Friday math movie - NUMB3RS and Bayes’ Theorem
By Murray Bourne, 23 Nov 2007
There are 2 related videos for your viewing pleasure this week.
Here's Charlie (the main character in the NUMB3RS tv series) explaining the Monty Hall problem to his students. It has a good twist, of course. What you expect intuitively is not the best decision.
Here is another explanation of the same thing from Ron Clarke (which has a bit of a Monty Python feel):
Here's quite a good (if lengthy) explanation of Bayes' Theorem. From the page's intro:
... an excruciatingly gentle introduction.

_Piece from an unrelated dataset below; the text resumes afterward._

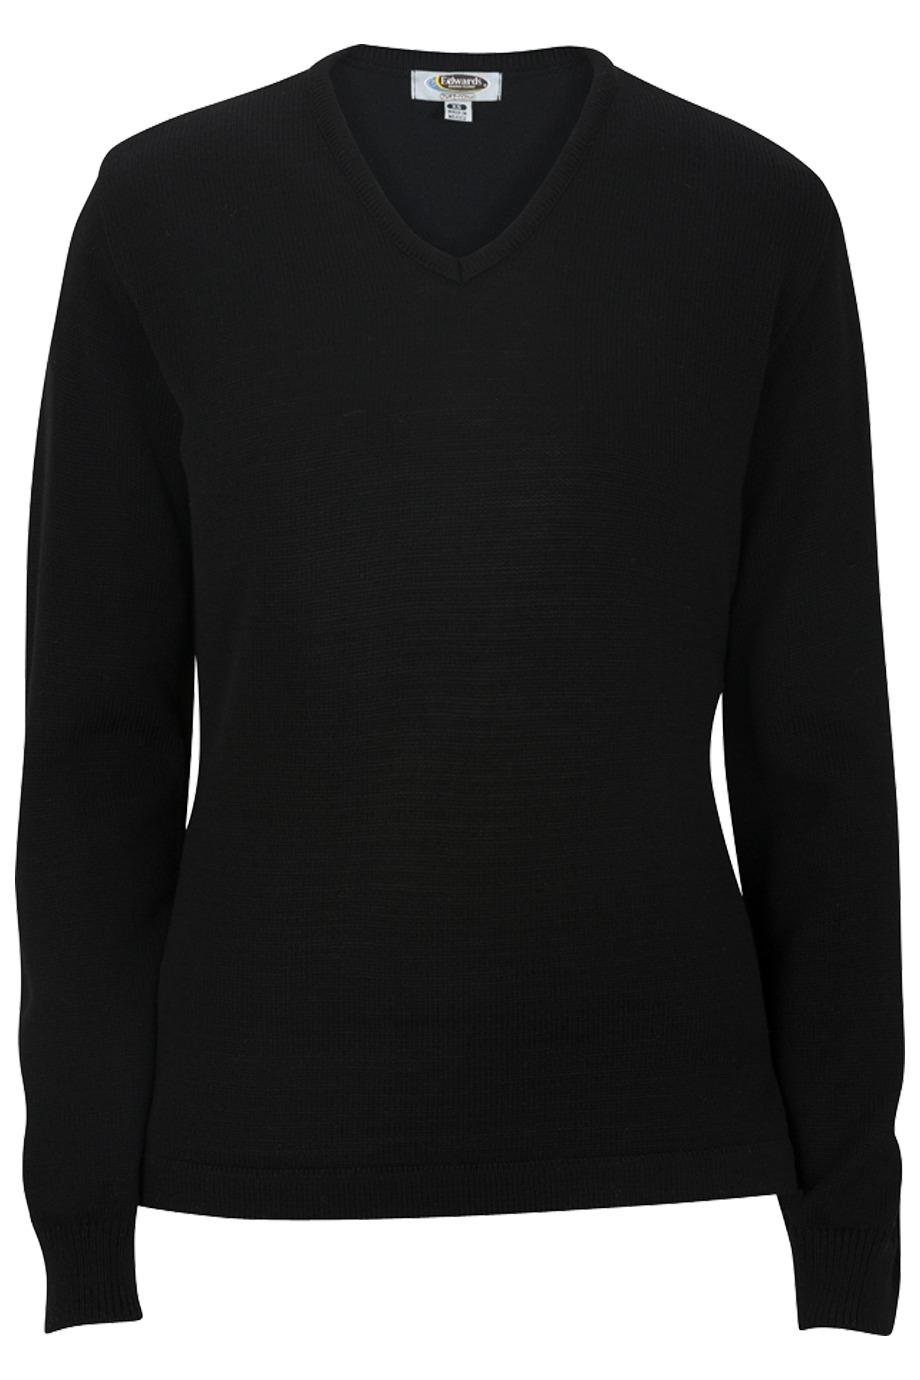 Edwards Garment 7065 - Ladies' V-Neck Sweater Tuff-Pil ...

There's a bunch of Java applets on that page that let you play with the concepts and investigate the meaning.
See the 5 Comments below.
27 Nov 2007 at 1:33 pm [Comment permalink]
Cool videos; I love the Monty Hall problem!
P.S. It should be “Bayes’ theorem”; it’s named after Thomas Bayes.
27 Nov 2007 at 9:46 pm [Comment permalink]
Doh - thanks, Darmok. Yes, I knew it was Bayes apostrophe - but after years of typing 'apostrophe s', it kinda becomes a habit.
I have corrected it in the post.
2 Dec 2007 at 5:10 am [Comment permalink]
Iam going to put a link to this information. I saw this Numb3ers episode last weeK and I enjoy. Thanks.
4 Feb 2010 at 4:10 am [Comment permalink]
that's interesting Charlie!
28 Dec 2016 at 10:15 pm [Comment permalink]
I disagree with the usage of Bayes Theorem to solve the Monty Hall problems.
If there are 3 choices, you pick 1 of the 3 (1/3 probability being the same as 2/6 probability), and the host removes 1 of the other 2 options (1/3 probability being the same as 2/6 probability), then, 1/2 (50%, being 1/6) from the choice removed by the host should be transferred to your selection, and the other 1/2 probability (likewise 50%, being 1/6) should be transferred to the other option that you may or may not switch to.
At that point the 2 remaining selections (yours, originally 2/6, now plus the 1/6 from the removed option, being 3/6, which is the same as 1/2 or 50%) is equal to the other option (originally 2/6, now plus the 1/6 from the removed option, being 3/6, which is also the same as 1/2 or 50%).
So, to me, you are now positioned at 50:50 (3/6 v. 3/6), and not 2/3 to 1/3. Consequently, you have an even probability of selecting a car/goat in the Monty Hall/NUMB3RS video example, and not a 2:1 probability as most of these videos state as fact.